- Safiath pictured circa 2022

Background information
- Born: Safia Aminami Issoufou Oumarou 15 April 1982 (age 43) Khartoum, Sudan
- Genres: Rap
- Occupations: Singer, rapper, songwriter

= Safiath =

Safia Aminami Issoufou Oumarou (born 15 April 1982), known professionally as Safiath, is a Nigerien singer, rapper, and songwriter.

==Early life and career beginnings==
Safiath was born in Khartoum, and is ethnically Tuareg and Kanuri; she was born to a Sudanese mother and a Nigerien father. She went to Morocco to study economics and banking. In Rabat, she joined a group that performed salsa, in which she played guitar; she then returned to Niger, where she found it easier to gain work as a musician than using her degrees.

==Career==
Safiath is the lead singer of the rap group Kaidan Gaskiya, but has sung a variety of other genres as well.
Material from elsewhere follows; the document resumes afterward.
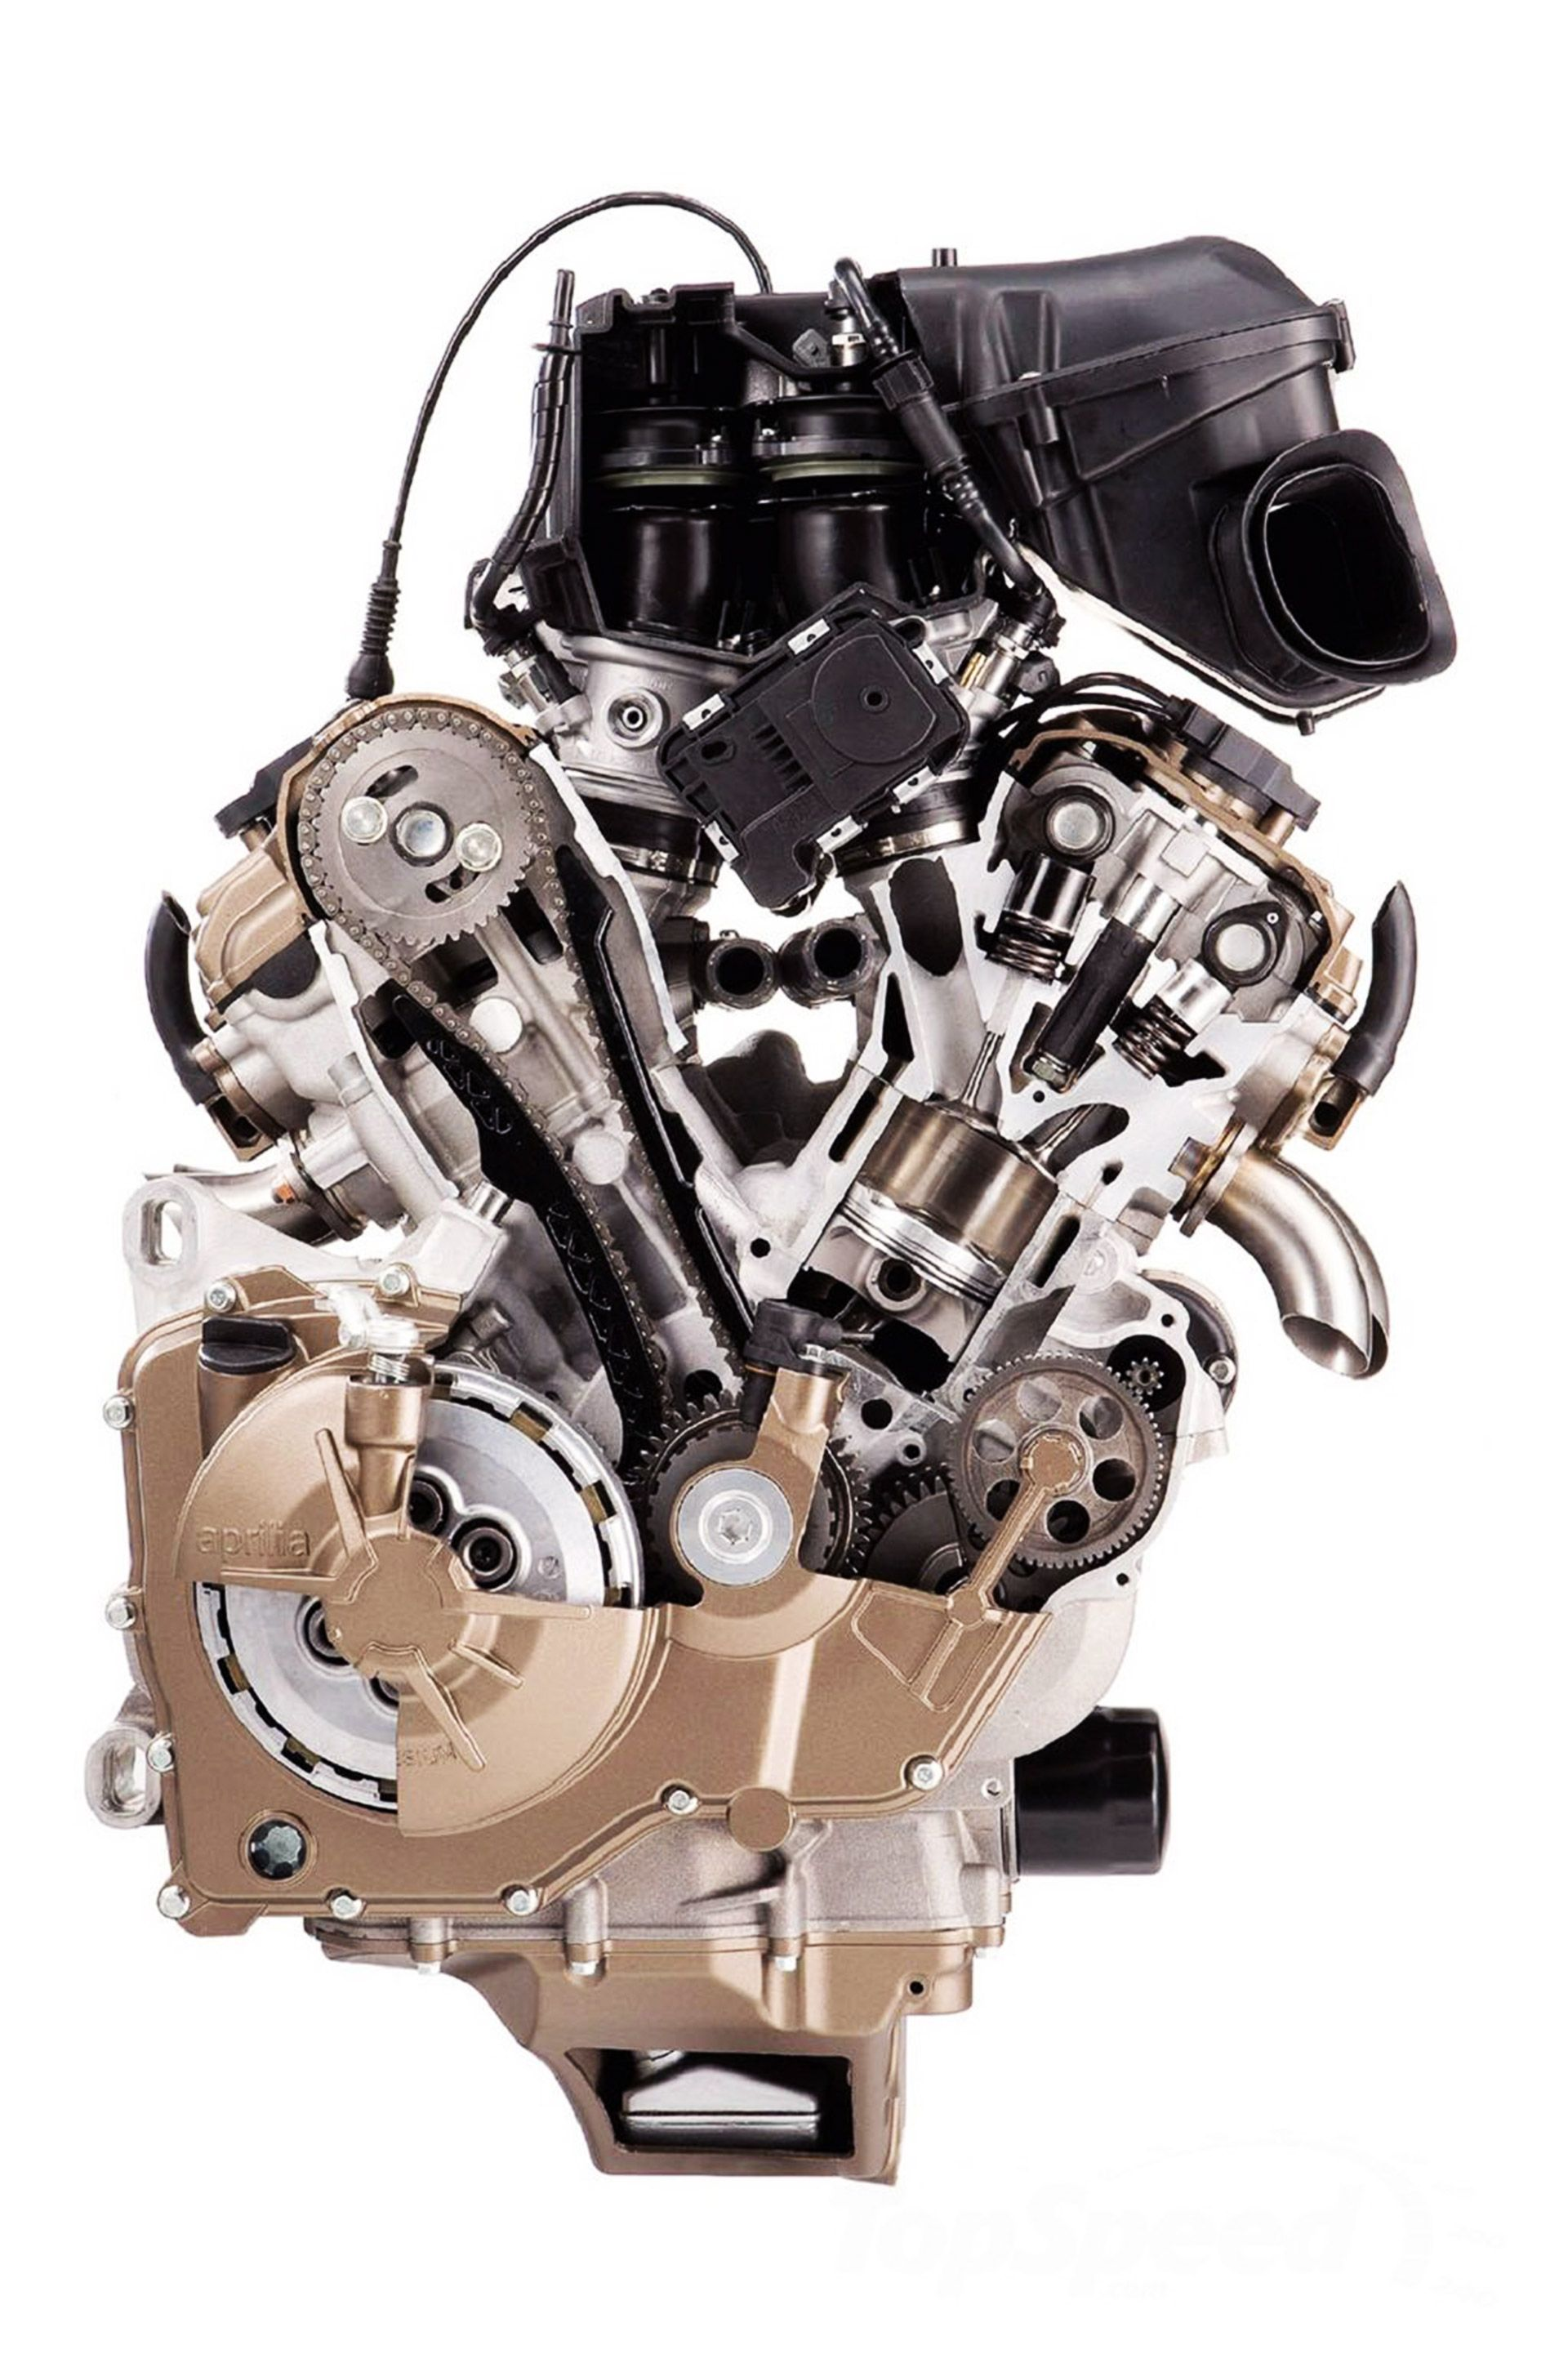 hight resolution of aprilia engine schematics wiring diagrams aprilia motorcycles aprilia engine schematics
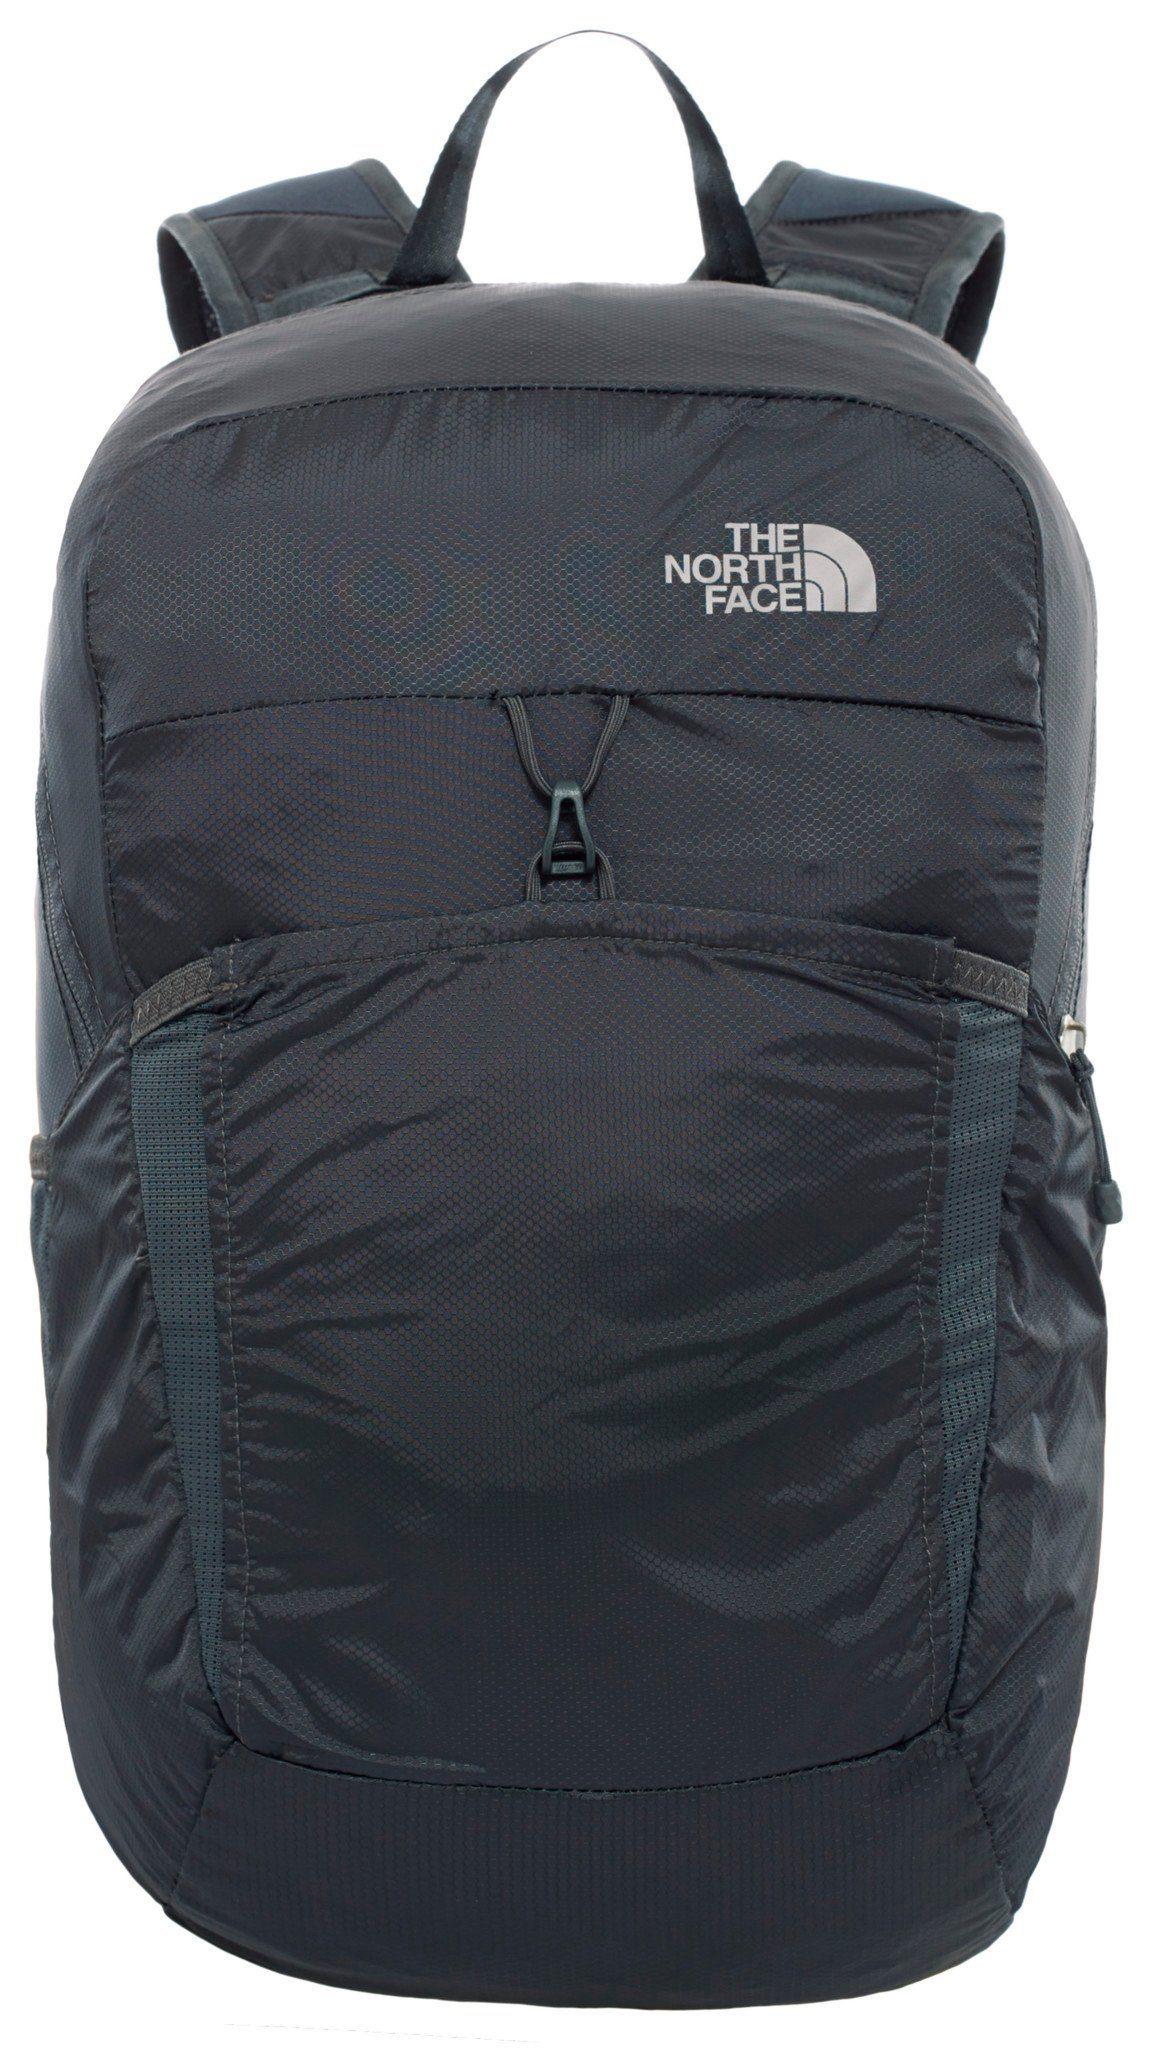 The North Face Wanderrucksack »Flyweight Pack 17 L«

She has represented Niger in numerous international musical competitions, including the 2013 Jeux de la Francophonie in Nice. Outside of Niger, Safiath has also collaborated with artists from other African nations during her performing career.

===Musical style===
Safiath has written songs in French, Hausa, Zarma and Tamasheq. They frequently deal with social issues, similar to those of Zara Moussa; children's rights in particular are a popular theme in her work, and she has spoken of a desire to raise consciousness in a younger generation with her songs.

She has articulated a desire for Nigeriens to engage more deeply with indigenous music, expressing concern over the increasing influence of foreign elements. She is concerned that French and American music specifically are affecting the quality of Nigerien rap.

==Personal life==
As of 2013, Safiath is married to the rapper Phéno, with whom she has a child.